Nature is neither a political nor an economic system. Nature is neither ideological nor religious. Nature is simply nature and Homo sapiens is a product of Nature. Brian Arthur, the brilliant Irish economist, observes in his forthcoming book on the theory of technology that technology brings hope but that trust can only be achieved through our conscious relationship with nature. Trust and hope must be fundamental ingredients in our vision of the future and the redesign of the Kyoto agreement.

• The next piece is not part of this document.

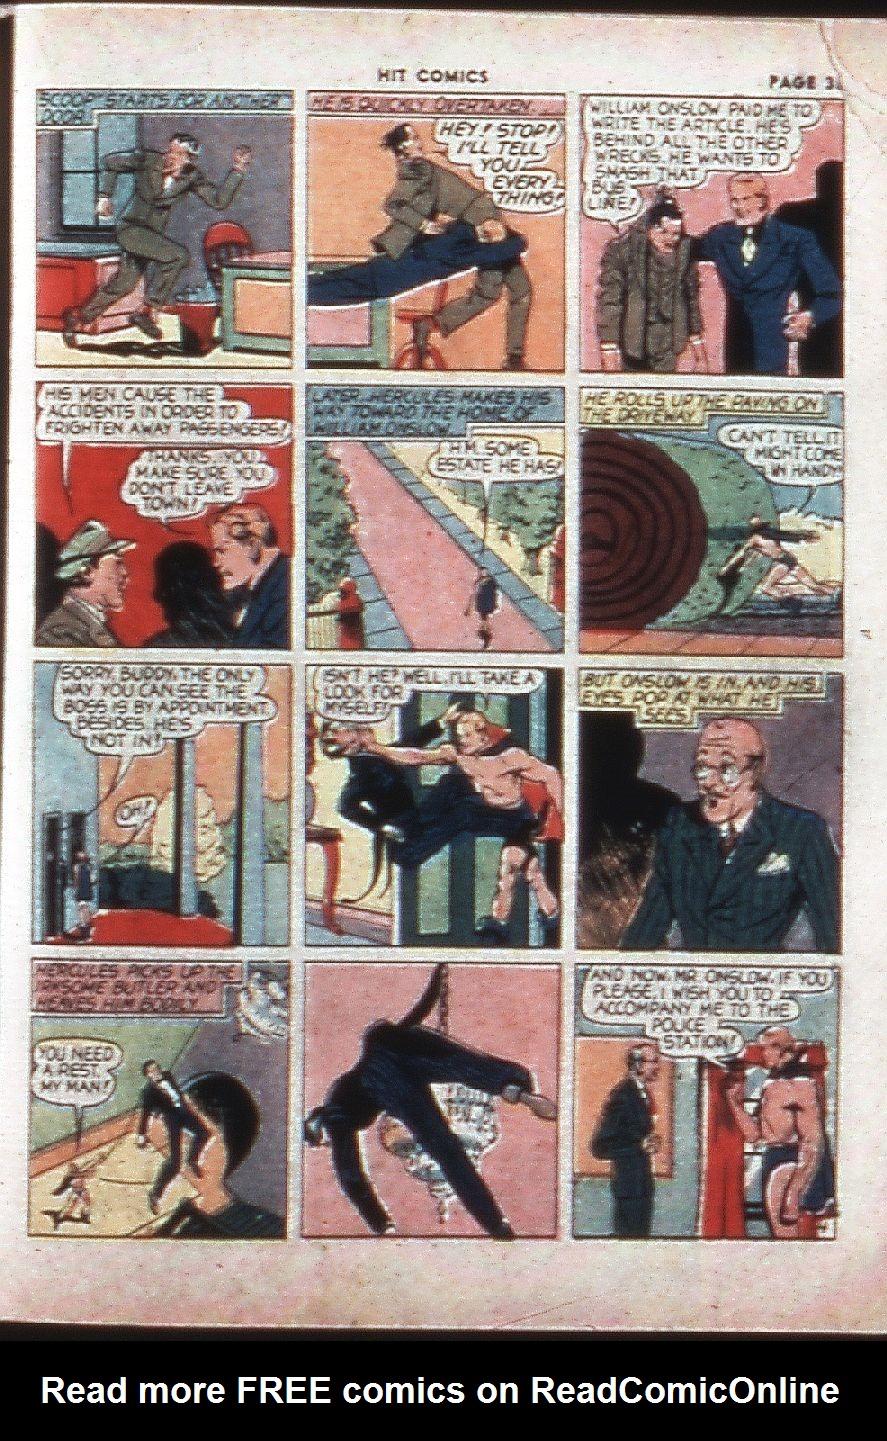 Read online Hit Comics comic -  Issue #4 - 37

The easy way out for many is the elusive promise of new technology, with the wisdom of market forces like cap-and-trade systems. We may remember that it was earlier generations of technologies and market mechanisms that created the current problems. Modern society put its hope in technology rather than trust in nature, fixated by the idea that if only new technologies yield a competitive financial Return on Investment (ROI) the market will fix the environmental mess.
The reality is that the financial markets never fix recurrent failures. The market did not fix apartheid, fascism or World War II. Politics did. Governance did. The yield of good politics is another kind of ROI, the Return on Insight. We own the necessary insight into the acute and massive ecosystems crises but not yet the responsible politics needed. Let’s invent them.

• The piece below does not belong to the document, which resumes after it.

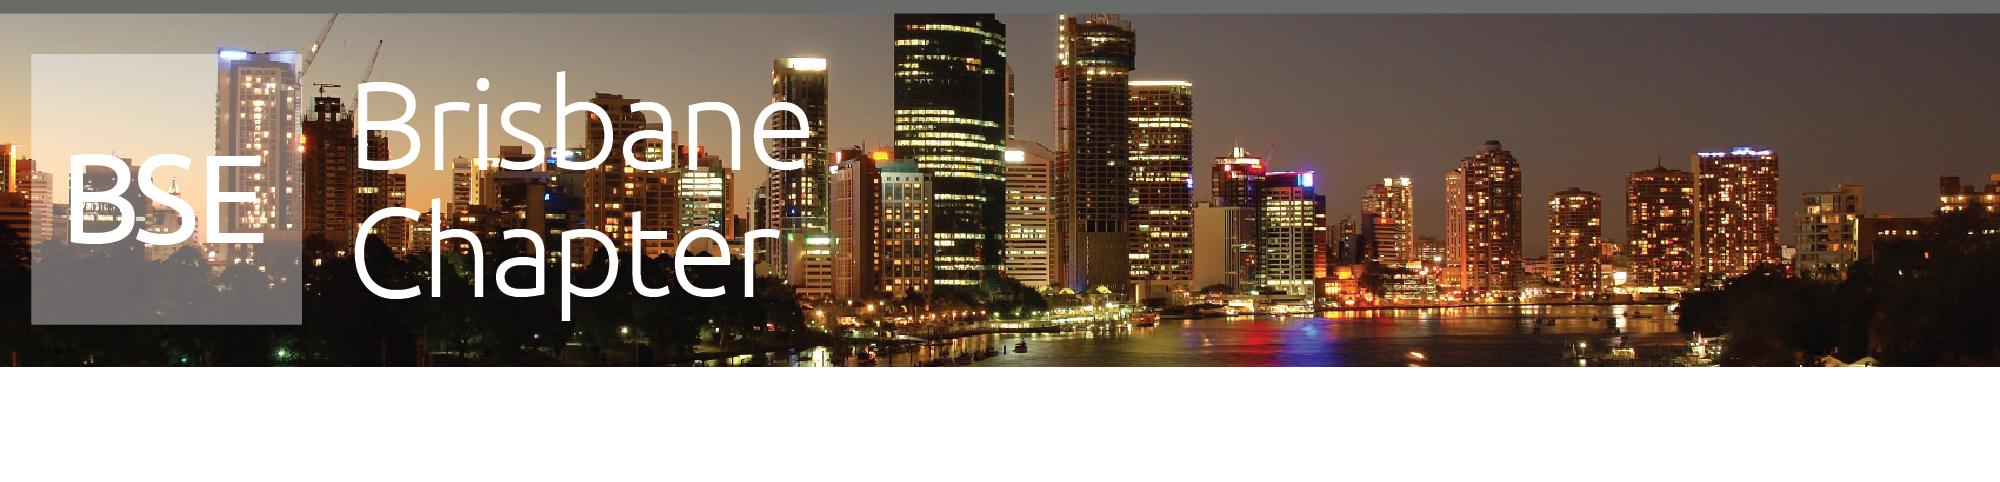 Brisbane Chapter

We need a new global deal that combines trust with hope. The patrolling and defence of nature’s boundary conditions is a political assignment. Its implementation will demand law-enforcement regimes that, by design, infringe on the sovereignty of nations and their monopolies of military and police force, and of natural resources. Political insight will not, however, be applied without a thundering tsunami of global, enlightened public opinion demanding solutions to the question “How on earth can we live together - we the humans, we with nature?”